The HFC gases that run most of the world's heat pumps and air conditioners, like these ones in Singapore, are very powerful greenhouse gases. But now the world has agreed to solve the problem. Photo: Rym DeCoster via Flickr (CC BY).
Paris talks, Montreal delivers! Kigali's massive climate victory
17th October 2016
The 'Kigali Amendment' agreed this weekend to control HFC gases thousands of times more powerful than CO2 is the first major step in delivering the goals of the Paris agreement, writes Nigel Paul - and a second huge success for the Montreal Protocol, originally agreed to save the ozone layer from destruction by CFCs.
I am supposed to be objective and scientific, but I can't do that today. The Kigali amendment is an historic step in protecting the environments we all depend on and improving all our lives, now and far into the future.
Early Saturday morning, 06.54 local time according to my laptop, the gavel fell to pass the Kigali amendment of the Montreal Protocol.
The amendment came at the end of a marathon overnight session of the meeting of the Parties of the Protocol, the final chapter in a week of intense negotiations in Kigali. More than that, the amendment emerges from discussions about controlling HFCs that stretch back seven years.
That may seem like slow process but we got there and delivered what has been described by US Secretary of State John Kerry as the "single most important unitary step that we could possibly take at this moment to stave off the worst impacts of climate change".
That the Montreal Protocol delivered this vital amendment shouldn't come as any surprise. It is the climate negotiations that attract media and public attention, culminating in the wall-to-wall coverage of last year's Paris Climate Summit.
The media were much less visible in Kigali this week, but when it comes to the changes the World needs it is the Montreal Protocol that always delivers! Going back three decades, the Montreal Protocol has protected us all from the disastrous effects of uncontrolled ozone depletion on human health and the environment.
Forget the Kyoto Protocol, the Montreal Protocol is delivering on climate!
What is less well-known is that the Montreal Protocol is also the most successful global protocol in protecting the climate. It is estimated to have delivered about five times the climate benefit than the target set by the Kyoto Protocol for 2008-2012.
And, of course, last year's Paris agreement defined aspirations for protecting the climate, but did not establish the specific routes by which that protection would actually be delivered. Again, step up the Montreal Protocol, and the Kigali amendment.
Ok, I have to concede I am not impartial here. In my role as co-chair of the Montreal Protocol's Environmental Effects Assessment Panel I am honoured to be a small cog in the Montreal process. My role focusses on aspects of the science behind the Protocol, not the in-depth policy negotiations of this week. So I watched the Kigali negotiations from within the room, but at enough distance to see it with a degree of objectivity.

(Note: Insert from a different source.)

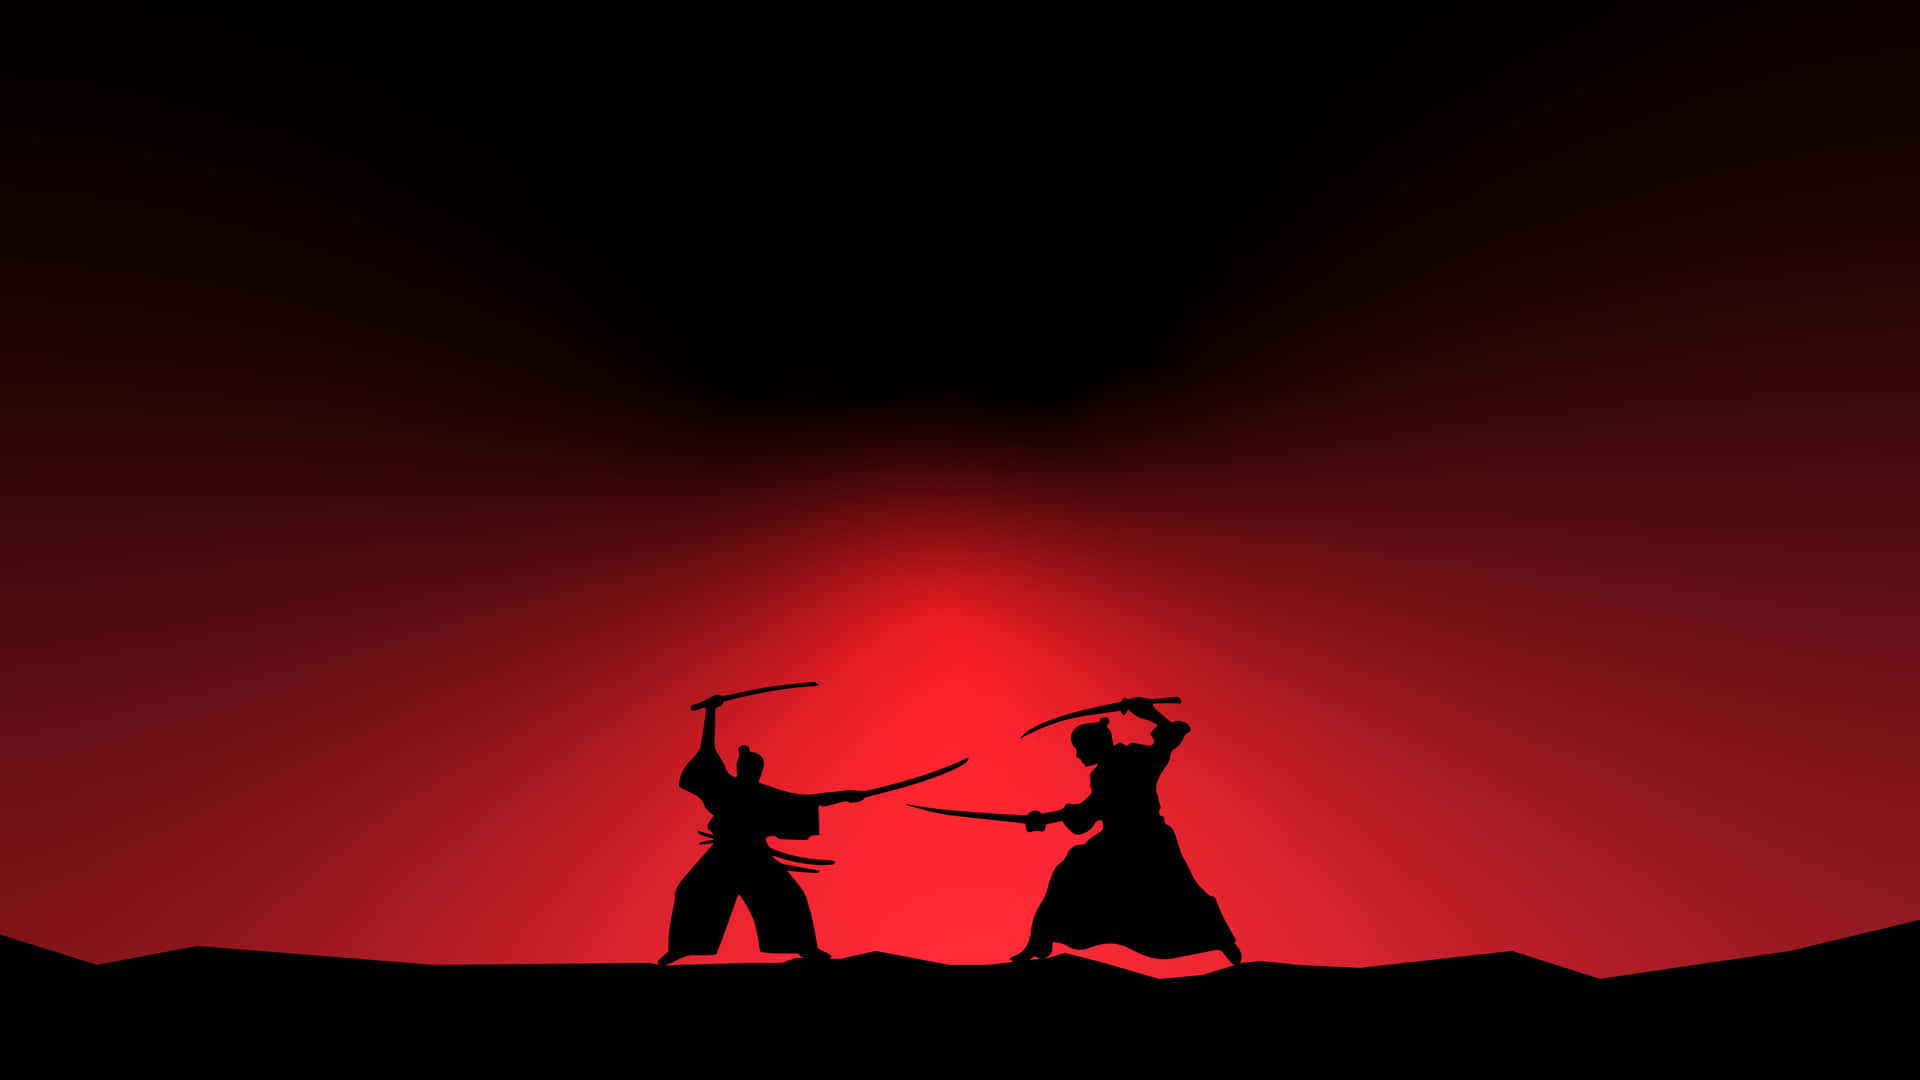 Fierce Samurai Warrior in a Cinematic Battle Scene Wallpaper
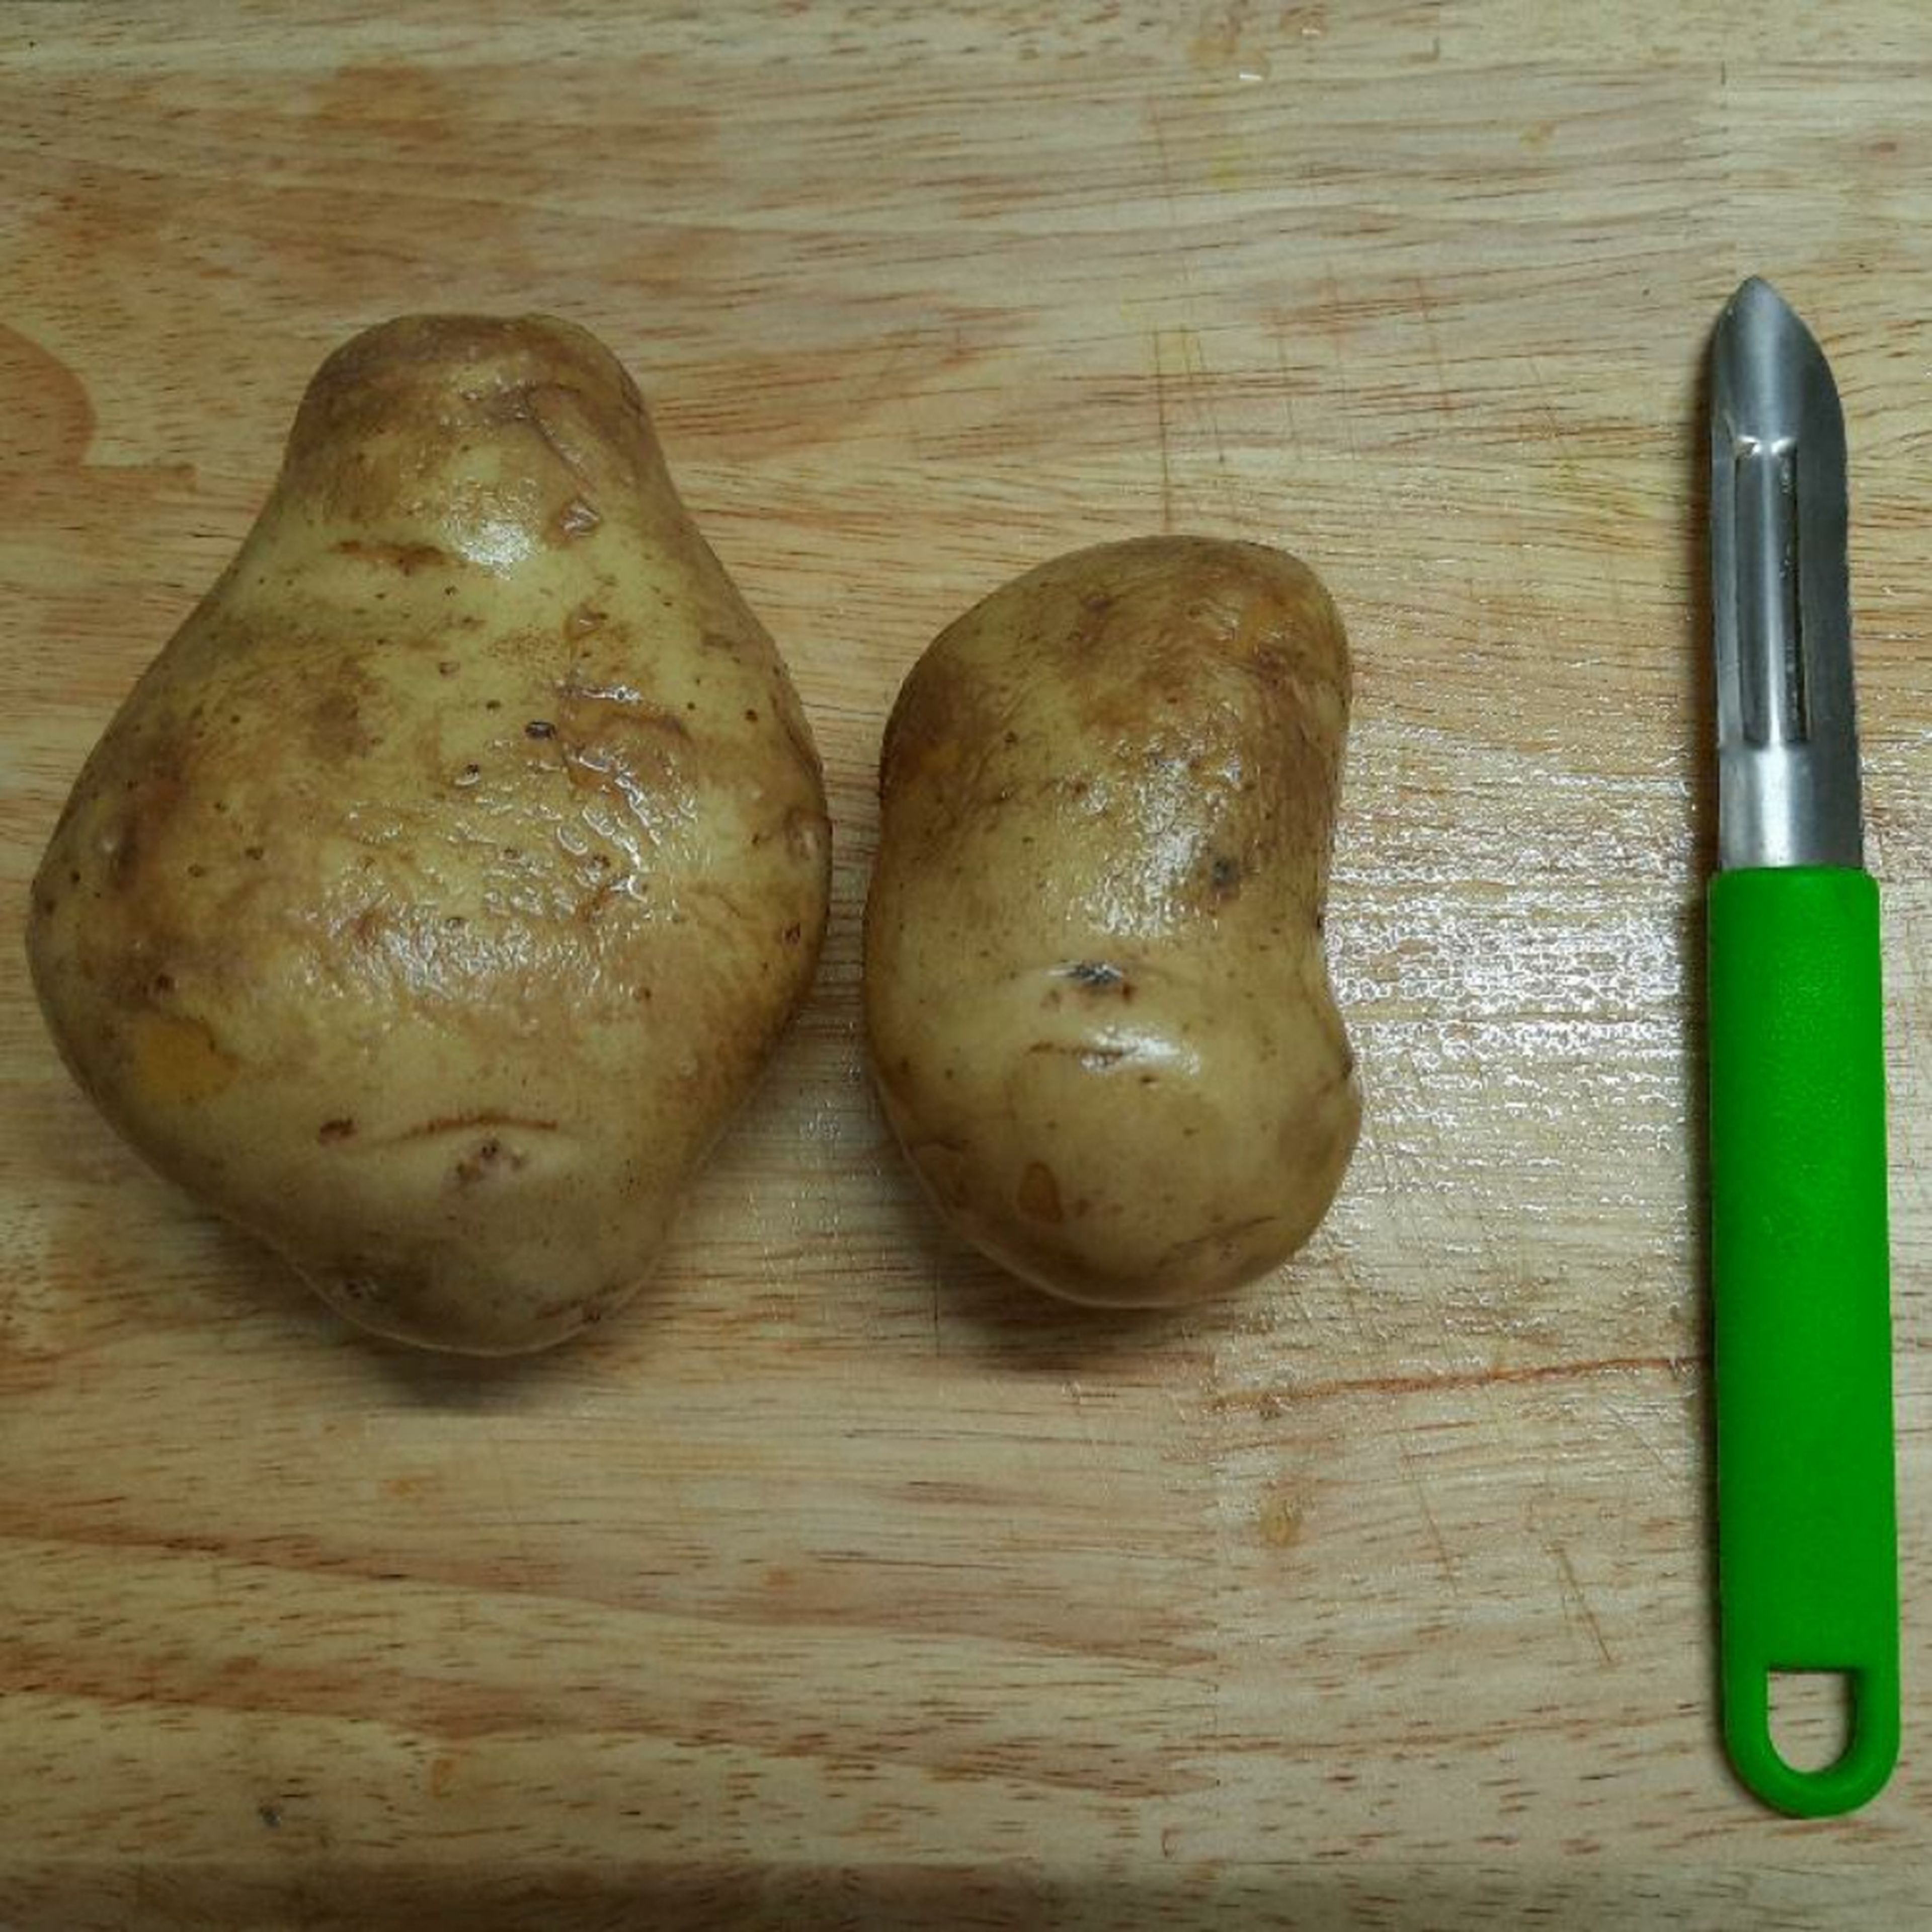 Take 2 medium sized potatoes. Wash them properly.

The first thing that struck me was that the systems and community that Montreal has built over 30 years was the bedrock for the Kigali amendment. The approaches that will be used to control HFCs are based closely on those that the Protocol has used so successfully to control ozone-damaging CFCs. The spirit of mutual understanding across very different nations, again developed over decades, was also clear.
Of course there were tensions and tough negotiations. And of course the amendment has different time-scales for the reduction of HFCs in developed and developing countries. Yet the key message is that all 197 Parties of the protocol have worked together to build the consensus on which the Kigali amendment is founded, just as they have worked together over the three decades.
But beyond the systems success relies on people, and it will be the people above all that I will remember from this week. Its easy to focus on the headline acts. John Kerry was inspirational on Friday morning. But it was those doing the hard-miles of getting the work done, the unsung heroes of a success like Kigali, that impressed most.
'They kept delivering at the highest level until the amendment was done'
The detailed discussions of the HFC amendment were led by Xia Yingxian from China, and Patrick McInerney from Australia. I will remember McInerney when the final session started at 01.00 Saturday morning. He sounded so exhausted that he could barely speak, yet over three hours he took the meeting through the whole text, reading it out line-by-line and handling any discussion that came back from the floor.
I will remember the delegate from the UK who led writing the amendment in the necessary legal language. I still don't know his name - contributions from the floor are only ever named by their country - but through the small hours, when I was struggling to read ABC, he navigated the delegates not just through the language but through the labyrinthine structures of the whole Protocol.
I will remember the sheer hollow-eyed exhaustion in the faces of senior members of national delegations and of the Ozone Secretariat, the UN team that makes it all happen. Yet they kept delivering at the highest level until the amendment was done.
I guess I am supposed to be objective and scientific, but I can't do that today. The Kigali amendment is an historic step in protecting the environments we all depend on and improving all our lives, now and far into the future.
For me that includes my son, who will live with the consequences of climate change for the rest of the Century. He will see the real benefits of what was done in Kigali this week. I was proud to be there to witness what was achieved.
So biased or not, I propose a resounding three cheers for Montreal - the global environmental protocol that always delivers!
Nigel Paul is Professor at the Lancaster Environment Centre of Lancaster University, and co-chair of the United Nations Environment Programme (UNEP) panel on the interactive effects of ozone depletion and climate change on health and the environment.